屋久島沖のオスプレイ墜落、環境への影響は?…400万円かけた調査で「水質汚染なし」 待たされた漁業者安堵

〈関連〉2023年11月30日、墜落したオスプレイの機体の一部とみられる漂流物を引き揚げる漁師=屋久島町の安房港

 鹿児島県屋久島沖で昨年11月に発生した米軍輸送機オスプレイ事故で、防衛省九州防衛局は23日、屋久島漁協の要望を受け現場周辺海域で進めていた水質調査結果を公表した。「環境汚染や健康への悪影響はない」と結論付けた。
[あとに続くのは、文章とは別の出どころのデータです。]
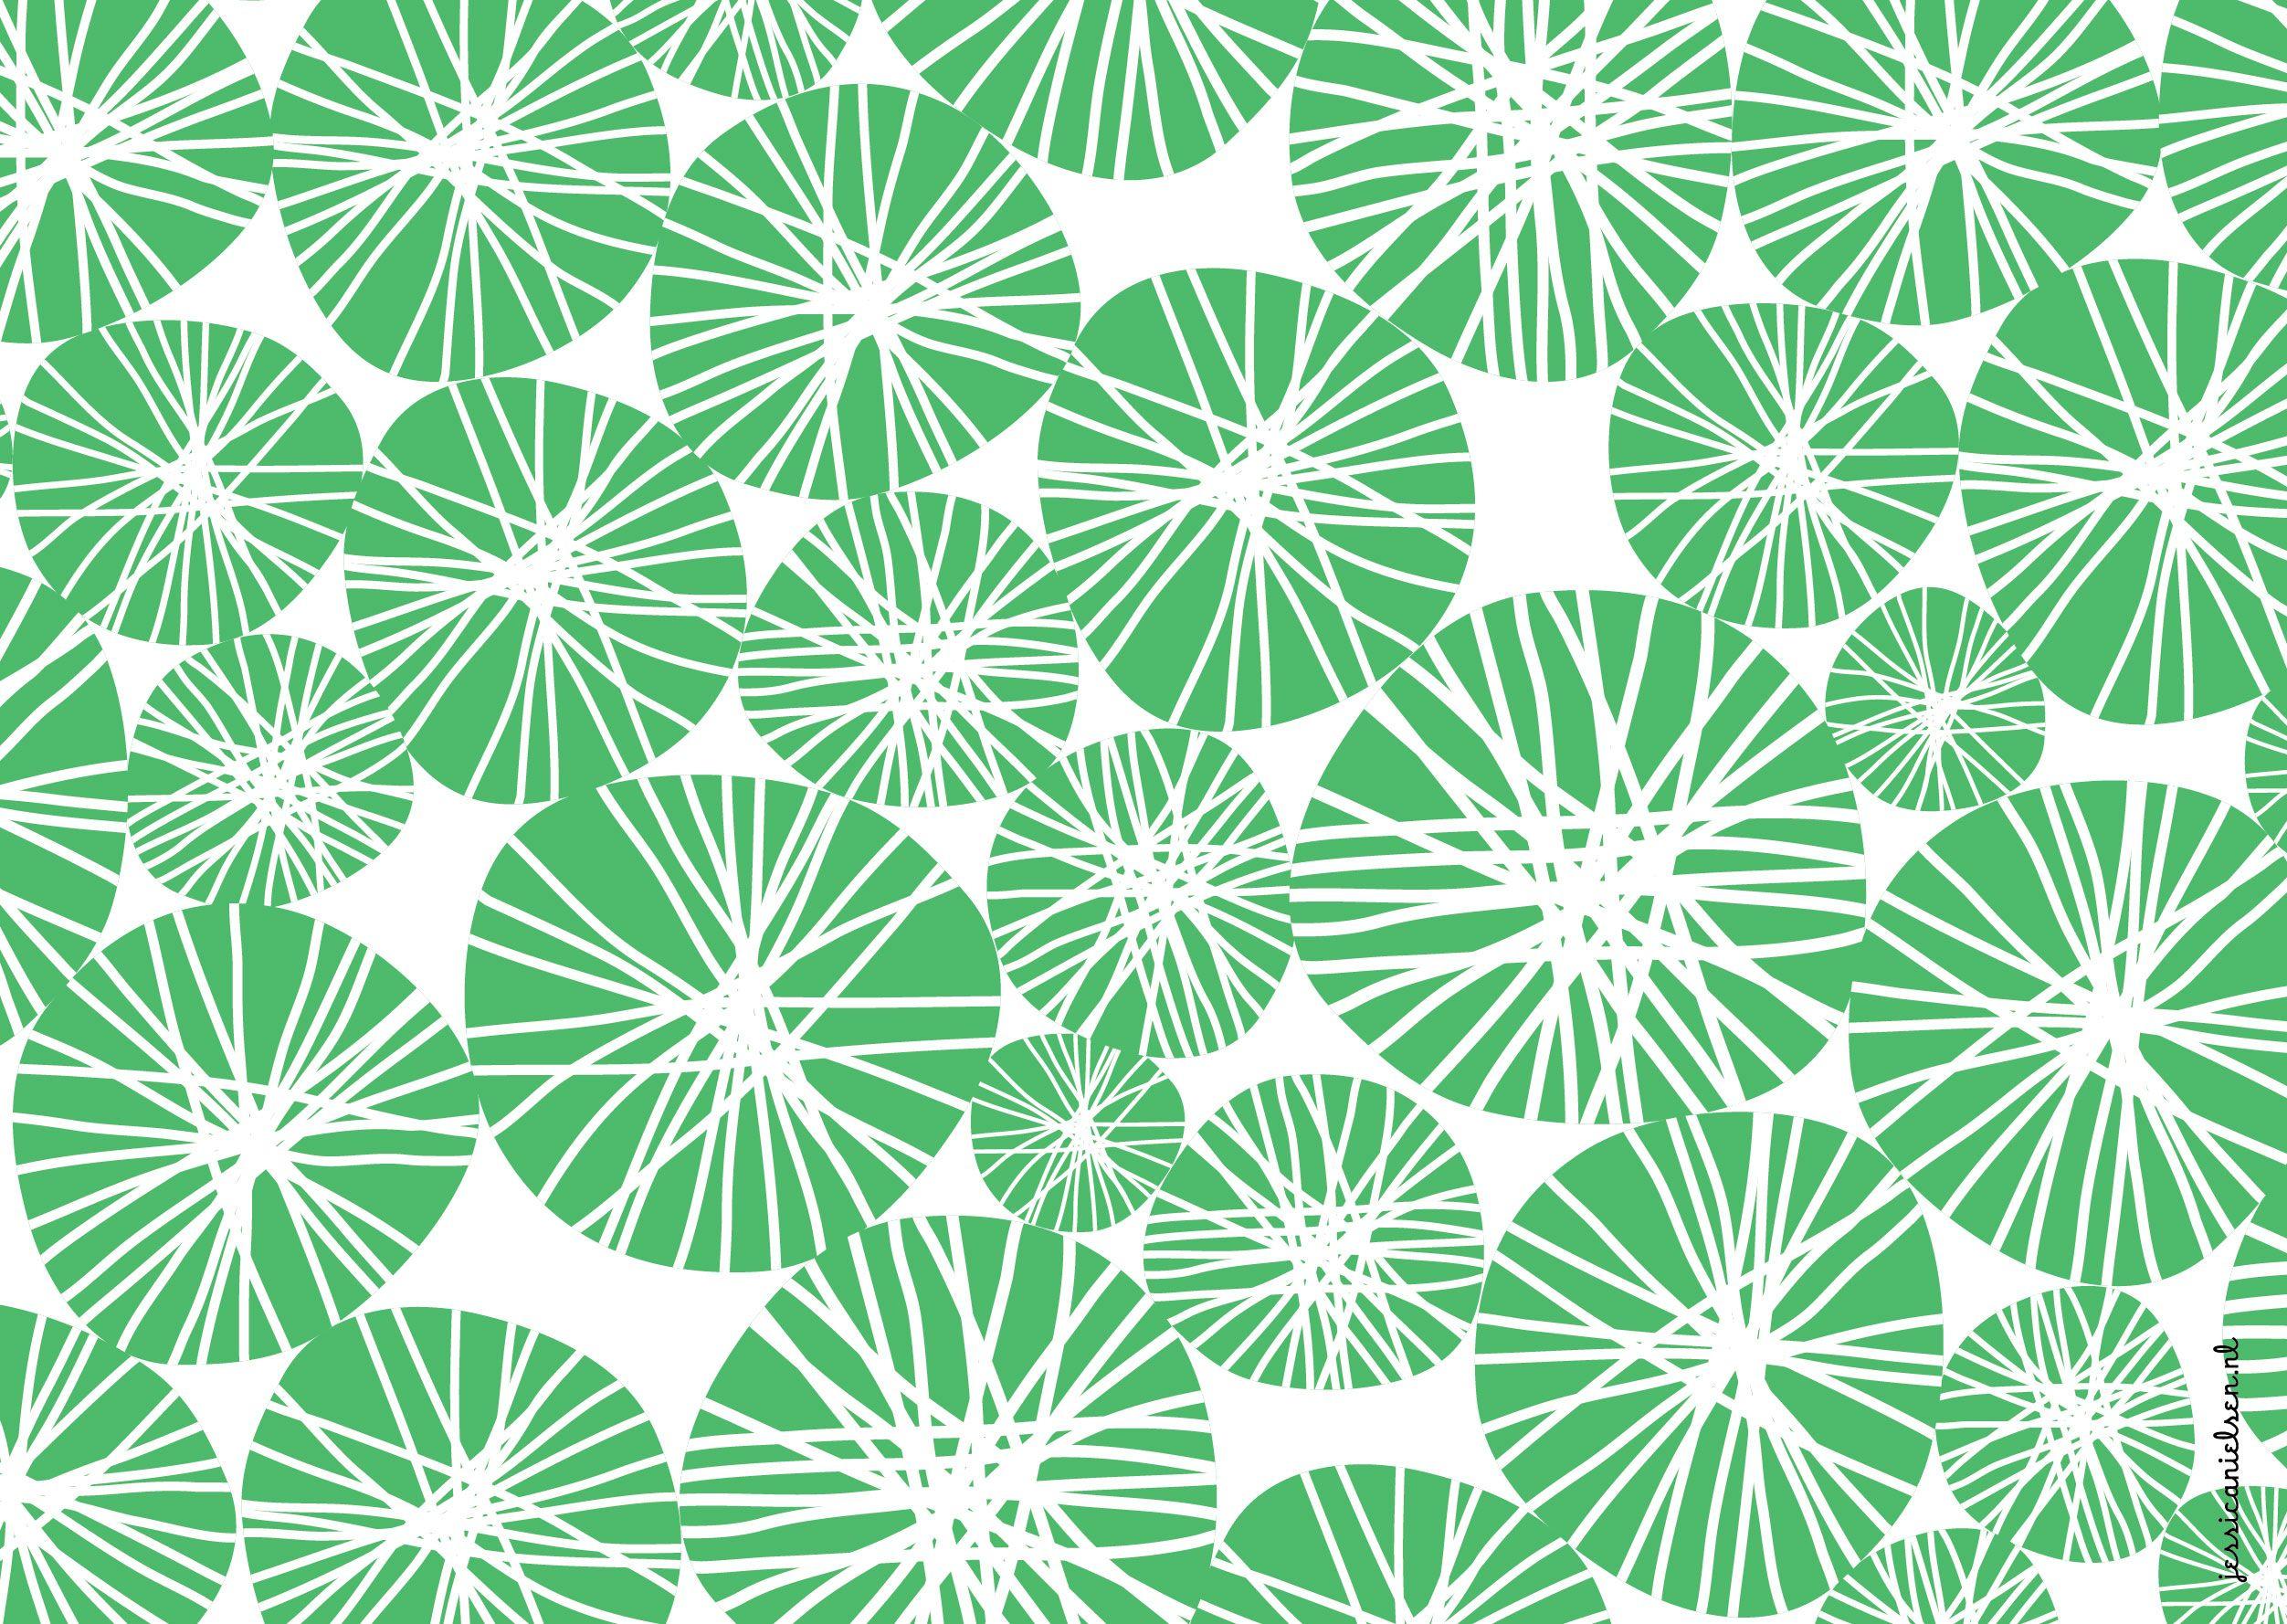 Printable Wrapping Paper La Deuxi Me Collection   Gift Things - Free Printable Wrapping Paper Patterns
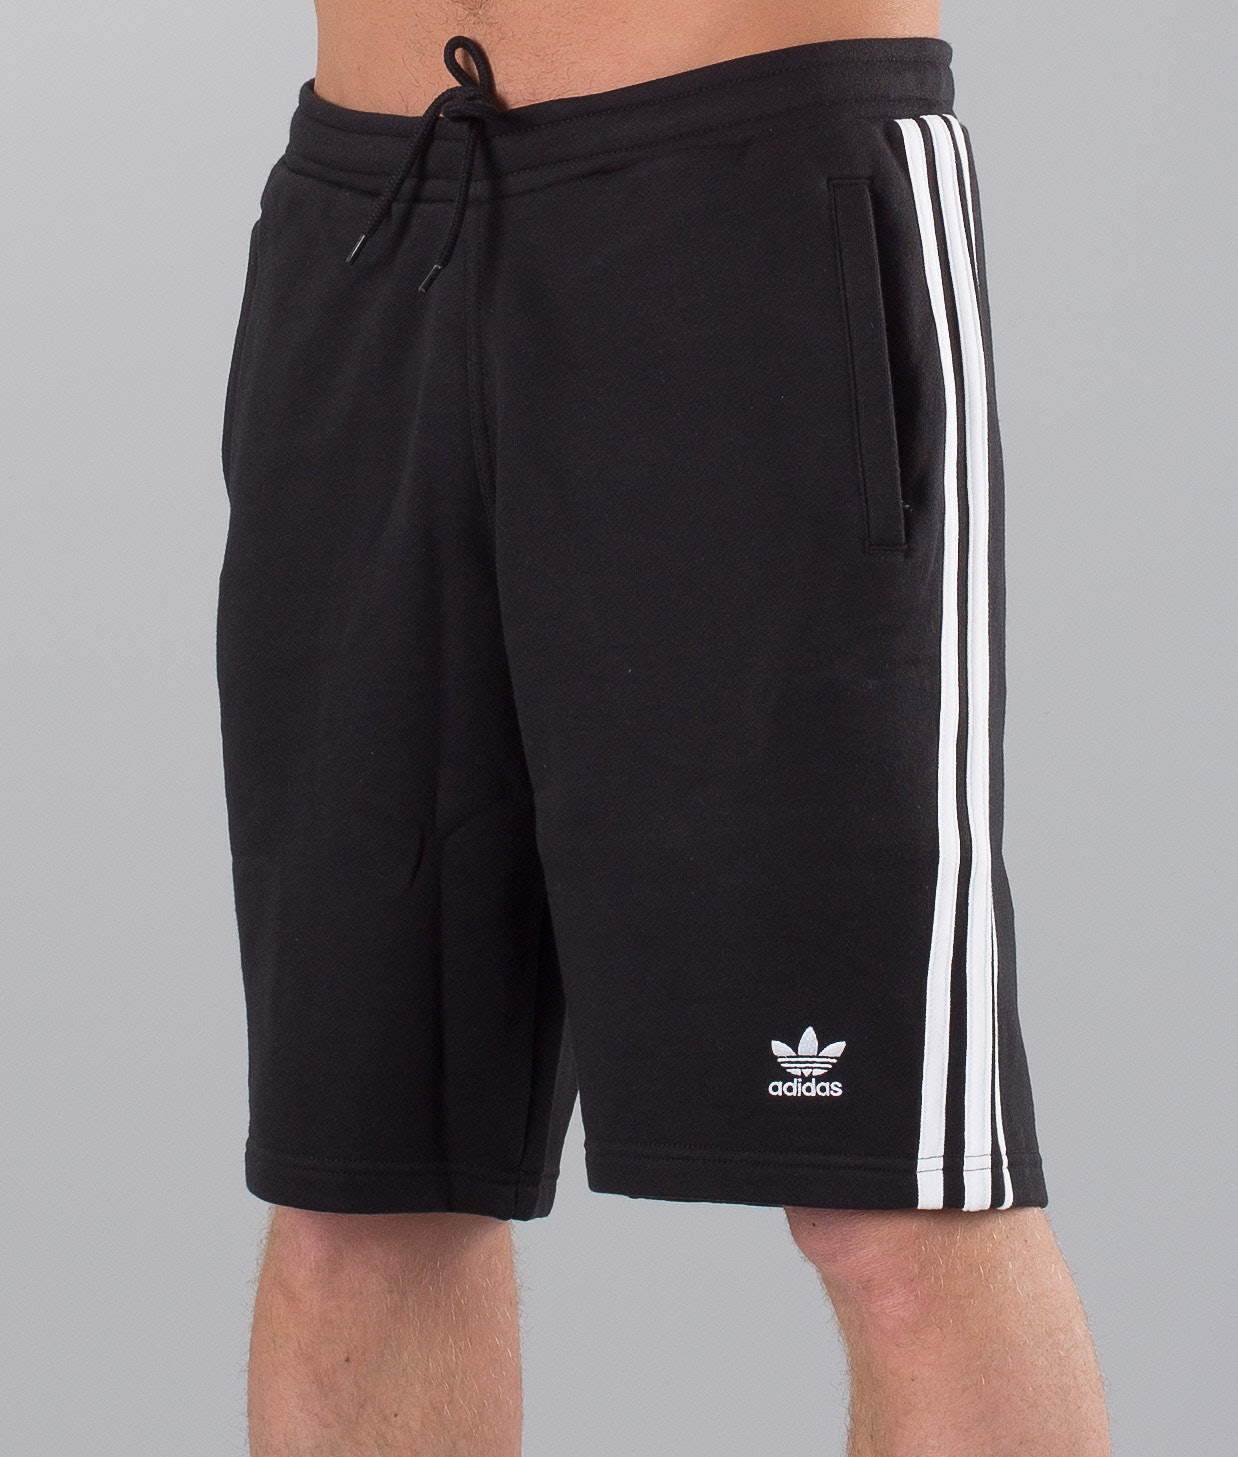 new product c4eb2 599c2 Adidas Originals 3-Stripes Shorts

 同局によると、約400万円かけ、屋久島空港近くの沿岸部など計5地点で調査。採取した海水からカドミウムなど26項目を、底質調査は堆積土砂から12項目を調べ、いずれも異常はなかった。周辺海域で採れたキダイなど5種類と他地域の食用魚介を比較した調査でも差はなかった。

 報告は3月中にまとめるとしていたが、「3月末まで調査した後、分析や確認をした」と説明。南日本新聞の取材に対し、漁業補償について「関係者に損害状況を聞きながら作業を進めており、早期支払いを目指す。今後も地元の要望に適切に対応し不安や懸念の払拭(ふっしょく)に努める」とした。

 同局の職員が同日、漁協、屋久島町、県庁を訪れ結果を報告。漁協の羽生隆行組合長(73)は「調査結果が長く知らされず不安だったが、水質に問題がないと聞き安堵(あんど)した」。荒木耕治町長は「一区切りではあるが、今後も地元の声にしっかり耳を傾けてほしい」と話した。

 航空機には放射性物質が使用されオスプレイのエンジン点火装置にも使われている。防衛省は「希ガスなので水や食品に蓄積されない」と説明。機体の残骸も「発生当初に米側から汚染や人体への影響がないとの回答を得た」としている。

 事故は昨年11月29日に発生。米軍は搭乗員全8人の死亡を認定し7人の遺体を収容。機体の大部分と飛行状況などを記録した「ブラックボックス」を回収し今年1月、不明者1人の捜索と機体回収を打ち切った。